Http-equiv attribute value specifies the Content-Type equivalent of the Content-Type HTTP protocol. As a content attribute value must indicate the type of content, in this case text / html, and the name of the encoding used in this case UTF-8. Plain text files are those text files that do not follow a standardized format, and therefore do not have defined how to specify the encoding used.

**The$Hulk** · 17-08-2010

Literate cultures with different writing direction

As the computer industry was historically in the U.S. and Europe, built the hardware and operating systems based on principles that were initially granted. If you type in a word processing program, a text, the cursor moves when writing from left to right. Automatic line breaks occur after delimiter typical of Western languages, such as spaces or syllable hyphen.

However, there are many literate cultures, which have a different writing direction. These include the Arabic script, the Hebrew Scriptures or the Far East written cultures. In order to simulate such literate cultures on computers, additional capabilities of the software are required. Because it applies not only to map the font elements, but also to adapt the edit direction in the text input and the output direction on media such as screen or printer to the writing direction of the corresponding written word.

In HTML, there are elements and attributes that can determine the direction of writing. The software-side implementation works with newer browsers now pretty neat.

File processing in Java

Reading or writing files in Java is based on classes of java.io package. There are two groups of classes, one that works with bytes, focusing on binary files, and another that works with characters, focusing on text files. The group of binary files are based on the InputStream class for reading and OutputStream for writing. The group of text files based on classes Reader, for reading, and Writer, for writing. Java uses the Unicode standard to represent strings internally represents each character with a 16-bit code using UTF- 16. Therefore, it is necessary to perform a conversion between characters and bytes, and vice versa.
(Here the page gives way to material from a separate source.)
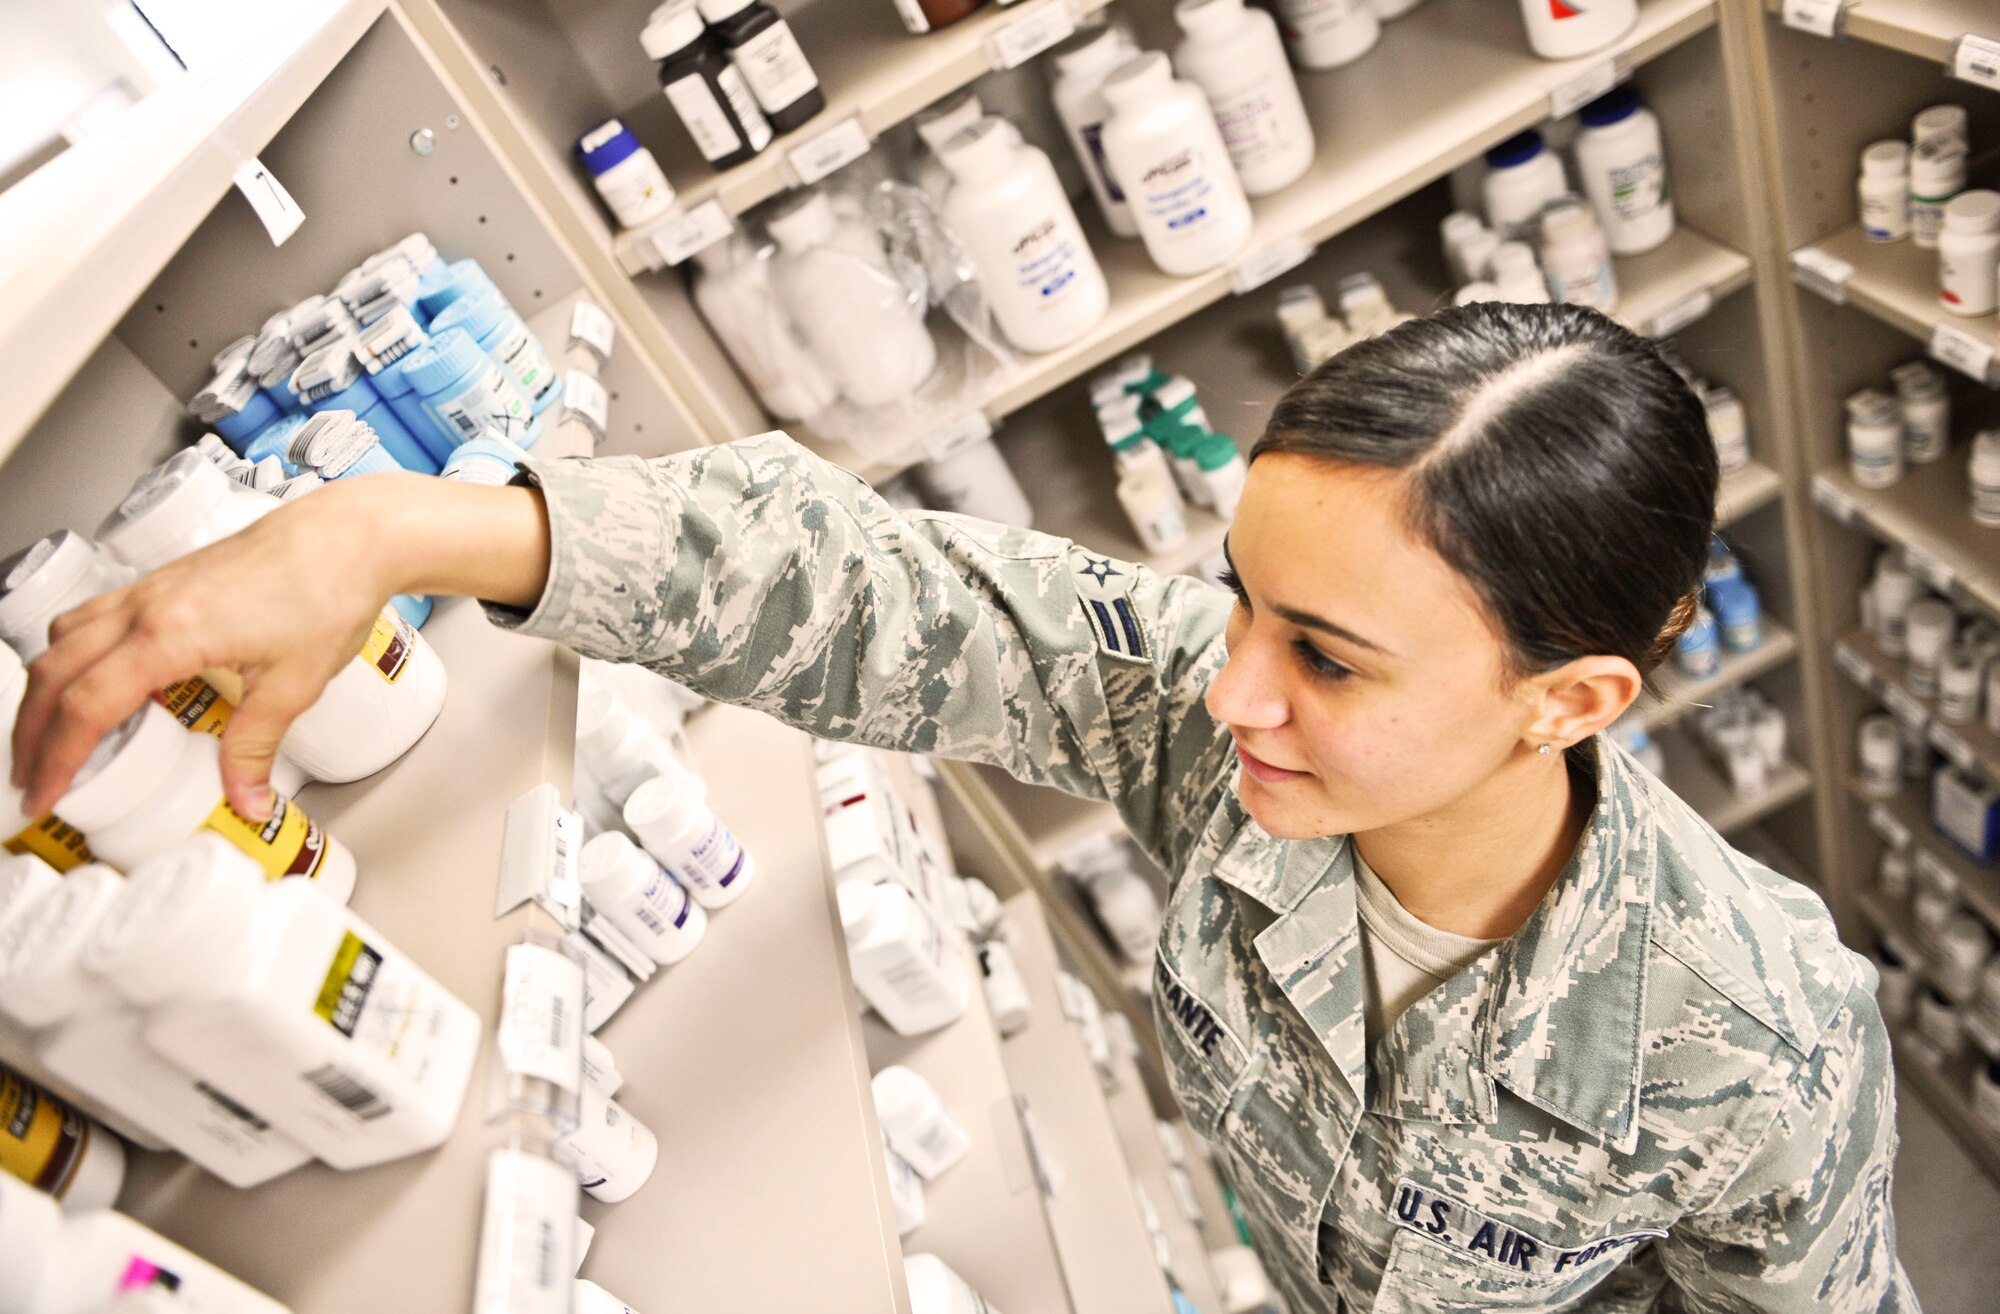 U.S. Air Force Airman 1st Class Julianna Ferrante, 7th Medical Support Squadron pharmacy technician, reaches for a prescription at the Dyess pharmacy, Oct. 22, 2013, at Dyess Air Force Base, Texas.  The pharmacy houses more than 1,000 different medications including eye drops, creams, ointments and insulin. (U.S. Air Force photo by Airman 1st Class Kedesha Pennant/Released)

To avoid the problems that can arise if the choice of character encoding is done automatically, specify the encoding to use. The XML files generated by the application after being fixed by the JTidy are encoded in UTF-8 as the website of the European Agency for Safety and Health at Work. When you open this file for analysis must be done by indicating the encoding to be used in the text file which will store the data extracted from it. Encoding is used LATIN 1 (also known as ISO-8859-1). In this way we can get the document to be displayed later from a text editor, correct, and this written in Greek, English, Swedish or any of the official languages the European Union.